您可以将 keyword_repeat 过滤器与词干提取标记过滤器一起使用,以输出流中每个标记的词干提取和未词干提取版本。

为了正常工作,keyword_repeat 过滤器必须在 分析器配置 中的任何词干提取标记过滤器之前列出。

词干提取不会影响所有标记。这意味着即使在词干提取之后,流中也可能在相同位置包含重复的标记。

要删除这些重复的标记,请在分析器配置中的词干提取过滤器之后添加 remove_duplicates 过滤器。

keyword_repeat 过滤器使用 Lucene 的 KeywordRepeatFilter

示例编辑

以下 分析 API 请求使用 keyword_repeat 过滤器输出 fox running and jumping 中每个标记的关键字和非关键字版本。

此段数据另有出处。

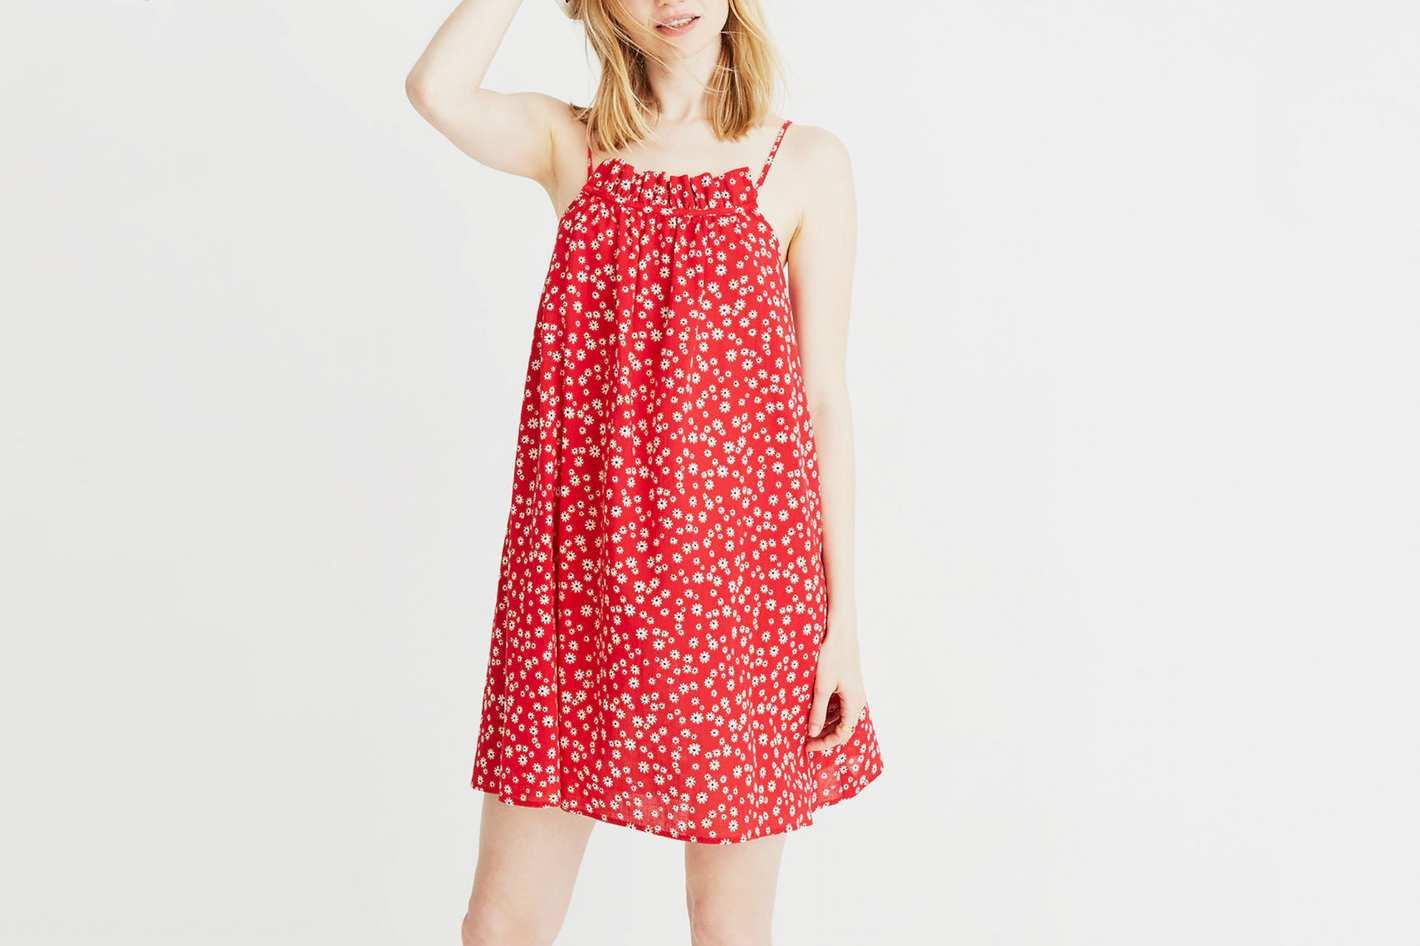 Madewell Ruffle-Neck Cover-Up Mini Dress in Daisy Field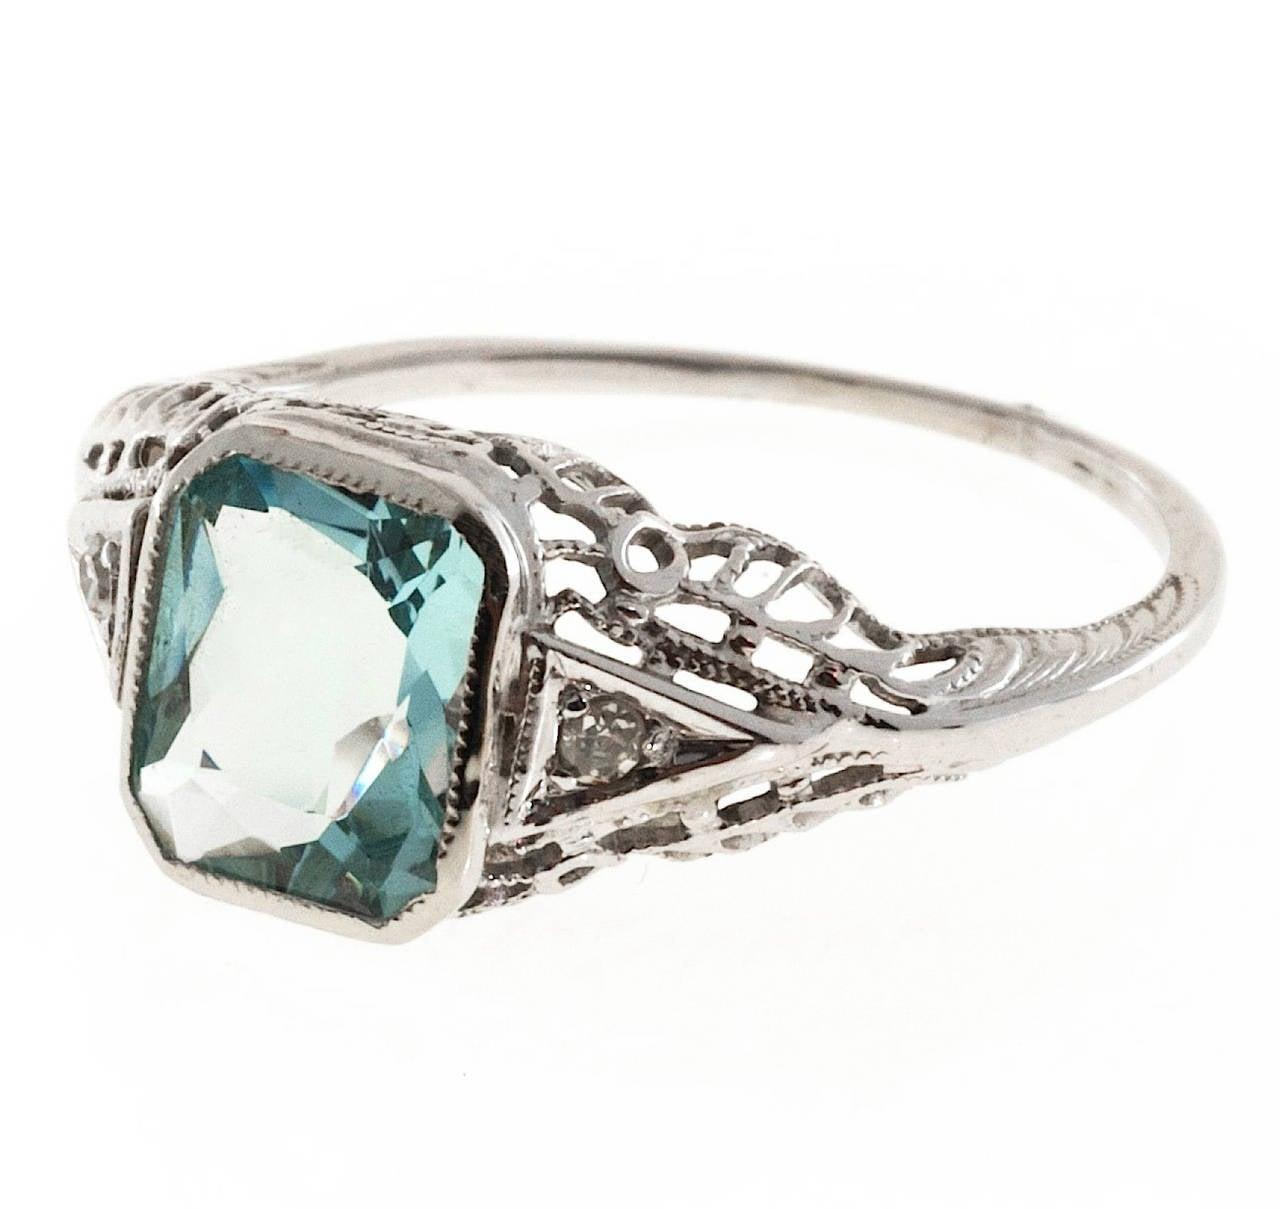 Art Deco filigree ring  cut natural untreated Aqua. Circa 1930 to 1940.  1 Natural no heat untreated Aqua, approx. total weight 1.58cts, 8 x 6.5mm 2 single cut diamonds, approx. total weight .02cts, I, VS2 14k White Gold 2.0 grams Width at

要返回这些标记的 keyword 属性,分析 API 请求还包括以下参数

  • explain: true
  • attributes: keyword
response = client.indices.analyze(
  body: {
    tokenizer: 'whitespace',
    filter: [
      'keyword_repeat'
    ],
    text: 'fox running and jumping',
    explain: true,
    attributes: 'keyword'
  }
)
puts response
GET /_analyze
{
  "tokenizer": "whitespace",
  "filter": [
    "keyword_repeat"
  ],
  "text": "fox running and jumping",
  "explain": true,
  "attributes": "keyword"
}

API 返回以下响应。请注意,每个标记的一个版本具有 keyword 属性,值为 true

响应
{
  "detail": {
    "custom_analyzer": true,
    "charfilters": [],
    "tokenizer": ...,
    "tokenfilters": [
      {
        "name": "keyword_repeat",
        "tokens": [
          {
            "token": "fox",
            "start_offset": 0,
            "end_offset": 3,
            "type": "word",
            "position": 0,
            "keyword": true
          },
          {
            "token": "fox",
            "start_offset": 0,
            "end_offset": 3,
            "type": "word",
            "position": 0,
            "keyword": false
          },
          {
            "token": "running",
            "start_offset": 4,
            "end_offset": 11,
            "type": "word",
            "position": 1,
            "keyword": true
          },
          {
            "token": "running",
            "start_offset": 4,
            "end_offset": 11,
            "type": "word",
            "position": 1,
            "keyword": false
          },
          {
            "token": "and",
            "start_offset": 12,
            "end_offset": 15,
            "type": "word",
            "position": 2,
            "keyword": true
          },
          {
            "token": "and",
            "start_offset": 12,
            "end_offset": 15,
            "type": "word",
            "position": 2,
            "keyword": false
          },
          {
            "token": "jumping",
            "start_offset": 16,
            "end_offset": 23,
            "type": "word",
            "position": 3,
            "keyword": true
          },
          {
            "token": "jumping",
            "start_offset": 16,
            "end_offset": 23,
            "type": "word",
            "position": 3,
            "keyword": false
          }
        ]
      }
    ]
  }
}

要对非关键字标记进行词干提取,请在之前的分析 API 请求中将 stemmer 过滤器添加到 keyword_repeat 过滤器之后。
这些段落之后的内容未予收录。